Alain Vogelweith secrétaire général du Syndicat de la magistrature et Stéphane Maugendre, membre du bureau national du Syndicat des avocats de France., 07/07/1993
L’institution judiciaire n’a jamais véritablement assumé son rôle constitutionnel de gardienne des libertés. Mais, aujourd’hui, les projets du premier ministre, ou plus exactement de M. Pasqua, lui dénient totalement ce rôle pour la cantonner à celui de l’alibi, nous rappelant en cela une des périodes les plus sinistres de notre histoire. La magistrature et le barreau auront-ils le sursaut d’honneur qui leur fit alors défaut ? Les méprisables et dangereuses surenchères d’un certain Alain Marsaud, nouveau député et ancien magistrat, et le silence des avocats ne peuvent que nous en faire douter.
Justice alibi, d’abord parce qu’elle se trouve privée de la plupart de ses outils de contrôle de l’action policière, ensuite parce que ses moyens coercitifs ne sont renforcés que dans le but de servir une administration dont les désirs et besoins répressifs sont crois sants. La réforme des contrôles d’identité que l’on croyait impossible dans un sens plus répressif depuis que le législateur de 1986 avait repris mot pour mot les dispositions de la scélérate loi «sécurité et liberté» d’Alain Peyrefitte, que la gauche socialiste sans le moindre état d’âme avait maintenue, constitue une réponse à une des rares jurisprudences protectrices des libertés de la Cour de cassation. Loin de nous l’idée d’opposer le juge au législateur, mais il est légitime de penser qu’une liberté aussi fondamentale que celle d’aller et venir est pour toutes les institutions de l’État une référence intangible.
Les contrôles d’identité échapperont au droit, car ce n’est pas du droit que le législateur produit mais un outil incontrôlable, y compris pour tous ceux qui seront amenés à l’utiliser. Un outil dangereux pour la paix civile, par l’exacerbation qu’il va provoquer du sentiment d’exclusion dont souffre déjà la population de bon nombre de banlieues et quartiers.
Et ce ne sont pas les timides et tardives protestations de Pierre Méhaignerie et Simone Veil qui y changeront quelque chose… Surtout, lorsque celles-ci ne portent que sur un amendement qui, certes, incite Clairement à la discrimination raciale mais a au moins le «mérite» de faire apparaître au grand jour la vraie nature de toute cette réforme.
Enfin, précaution ultime, presque surabondante, du législateur : les contrôles d’identité, que quelques juges facétieux seraient encore tentés de déclarer illégaux, à la demande d’avocats perturbateurs, ne seront plus des causes de nullité des procédures subséquentes. L’illégalité sans sanction en quelque sorte. En matière de mariage, les officiers d’état civil neseront plus sous le contrôle du parquet et ce dernier plus sous celui d’un tribunal.
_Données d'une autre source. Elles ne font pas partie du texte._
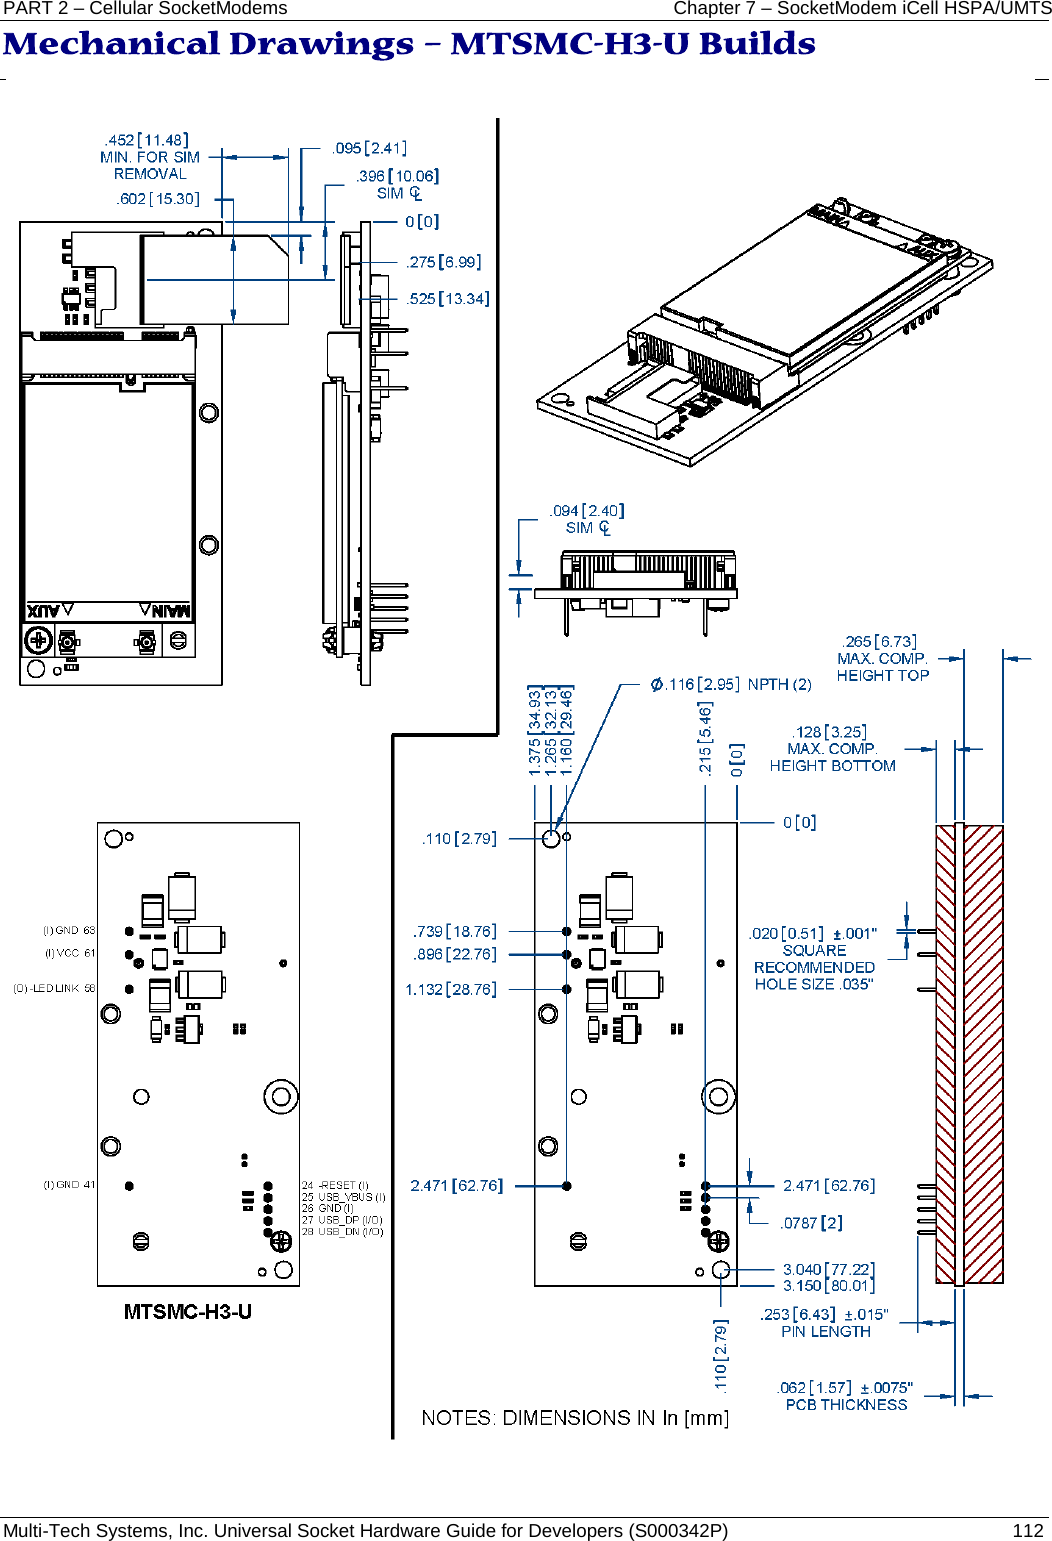 PART 2 – Cellular SocketModems Chapter 7 – SocketModem iCell HSPA/UMTS Multi-Tech Systems, Inc. Universal Socket Hardware Guide for Developers (S000342P)  112 Mechanical Drawings – MTSMC-H3-U Builds

Exit le contrôle du tribunal, et les parquets se heurteront au nouveau pouvoir de certains maires qui s’arrogeront la faculté de surseoir à la célébration des mariages et disposeront des moyens de pression pour contraindre le procureur à effectuer des enquêtes.
Traquer l’étranger
La finalité de tout cela n’étant évidemment pas de faire obstacle au mariage de complaisance mais de traquer l’étranger et, par le biais de procédures administratives parallèles,d’obtenir à terme son expulsion, rendant ainsi impossible la célébration du mariage, et ce, malgré la sincérité des consentements.
Les commissions départementales de séjour des étrangers, composées de magistrats judiciaires et administratifs et devant lesquels les droits de la défense s’exercent contradictoirement, ne constitueront plus un filtre à des décisions arbitraires des préfectures, puisque leurs avis, devenus purement consultatifs, ne seront même plus sollicités pour les cas les plus délicats de délivrance ou de renouvellement des titres de séjour.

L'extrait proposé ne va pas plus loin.